#### COLLECTED DATA
━━━━━━━━

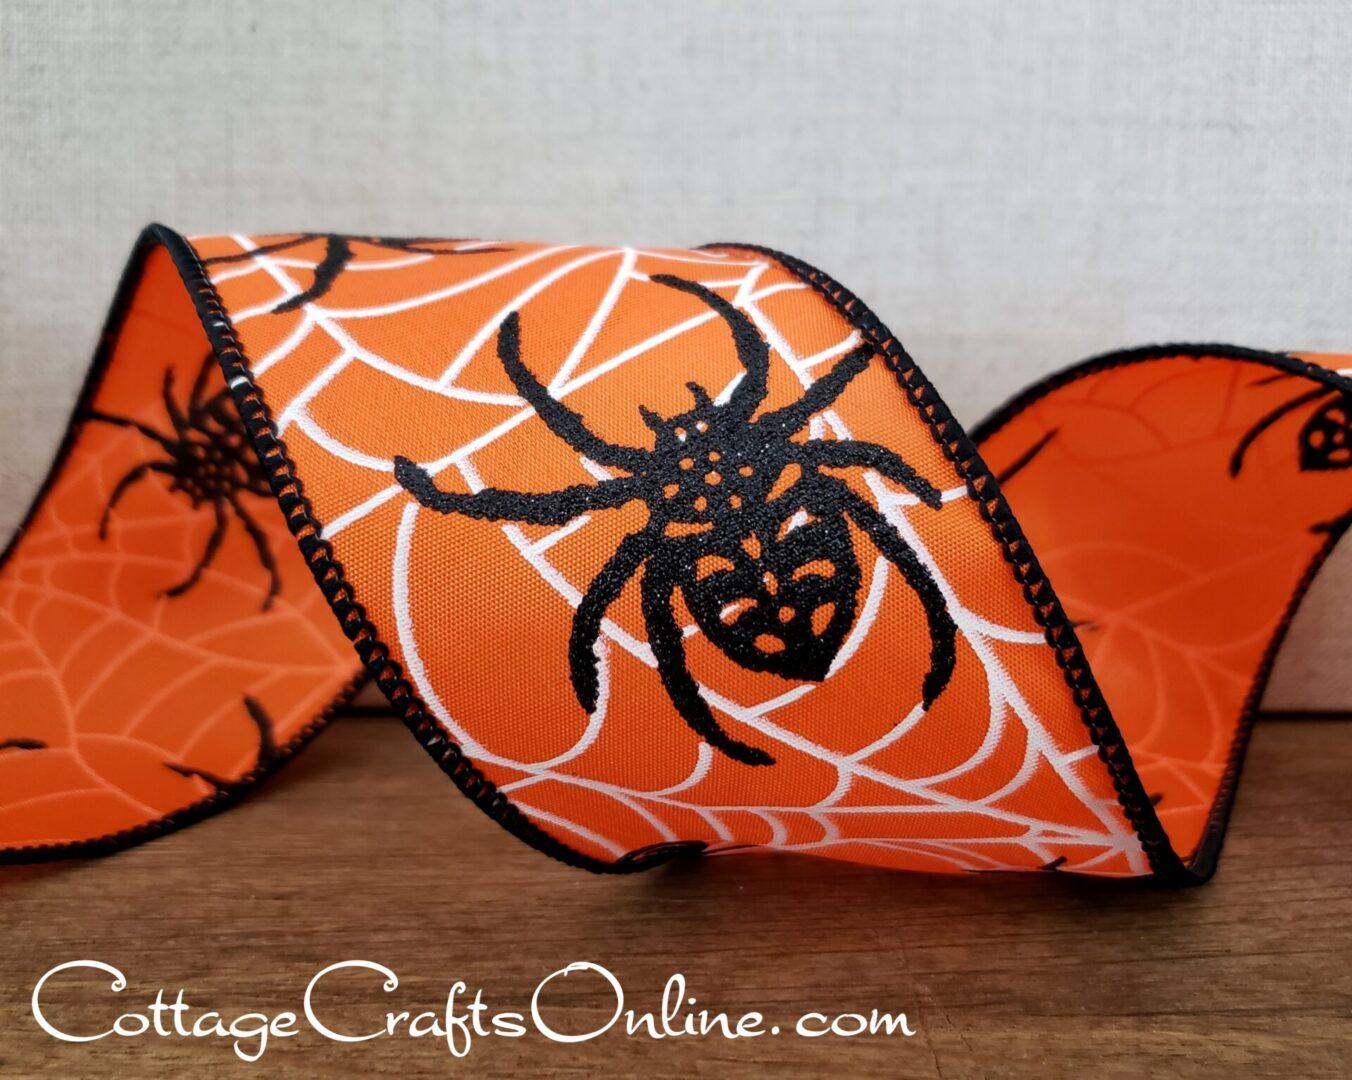 Halloween Spider Black on Orange Satin cb 40-006
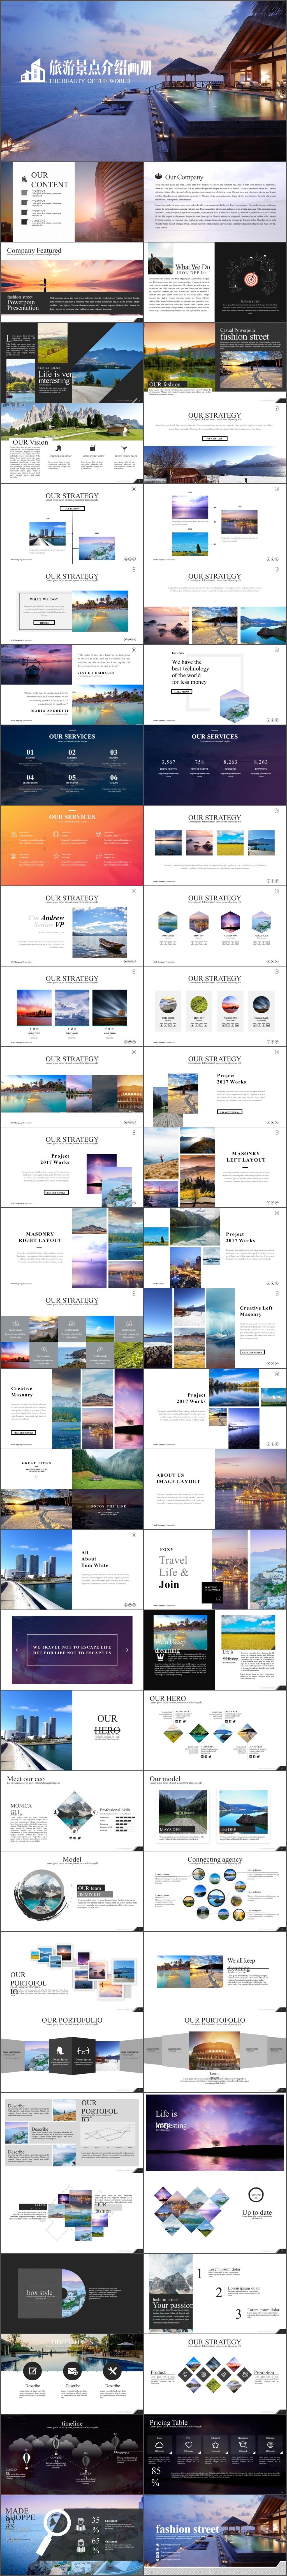 高端时尚旅游摄影景点介绍电子相册PPT模板(395)
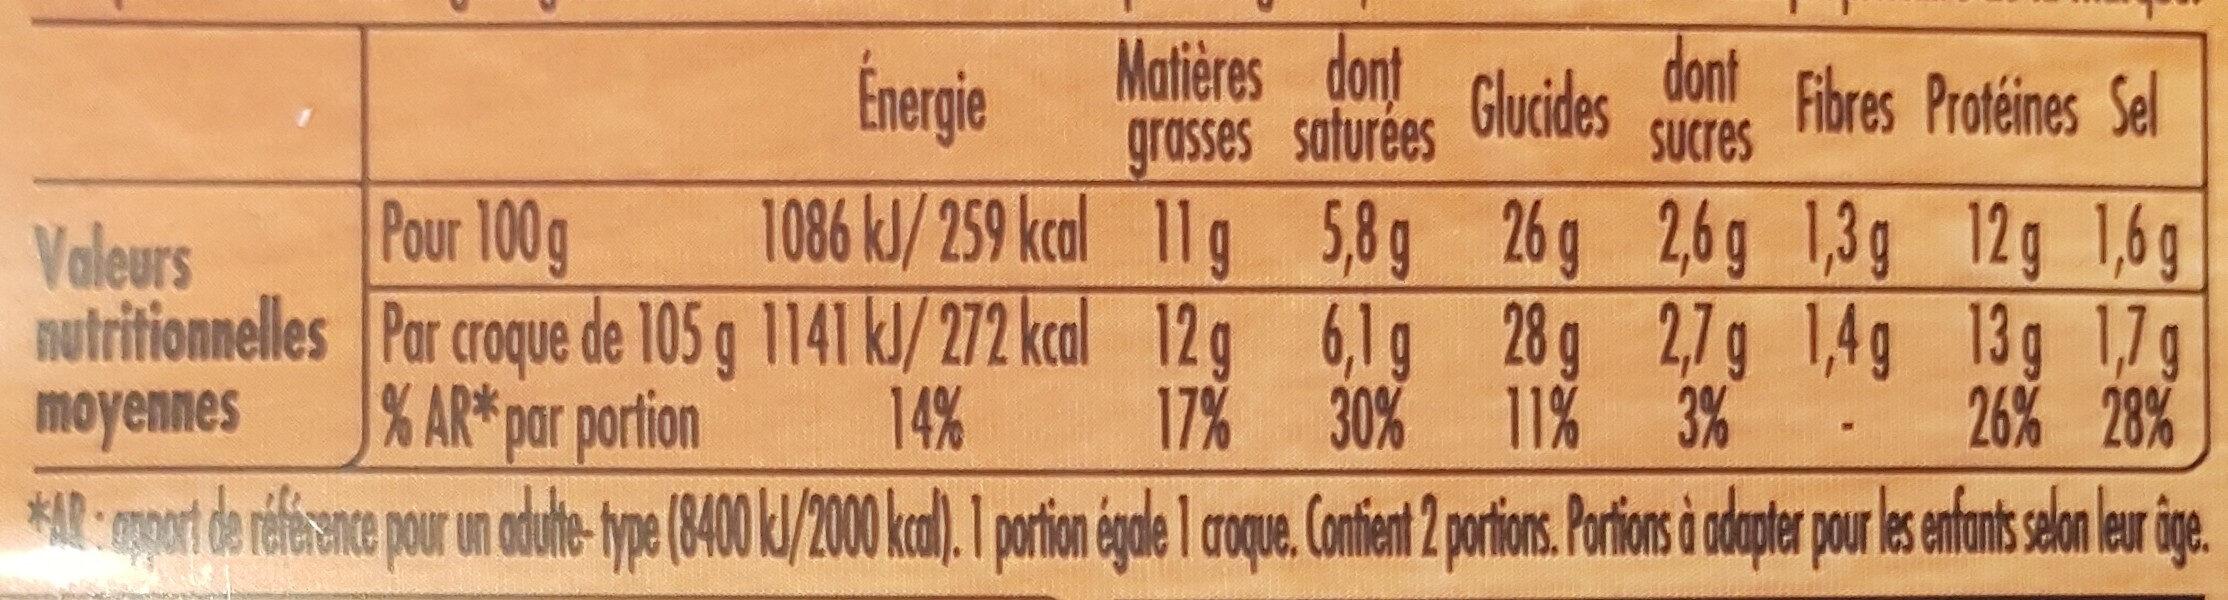 Tendre Croc' Montagnard - Informations nutritionnelles

━━━━━━━━

#### TASK GOAL
Leaving the pictures out, output the material exactly as it appears.

#### PROBLEM SOLUTION
 Halloween Spider Black on Orange Satin cb 40-006
 高端时尚旅游摄影景点介绍电子相册PPT模板(395)
 Tendre Croc' Montagnard - Informations nutritionnelles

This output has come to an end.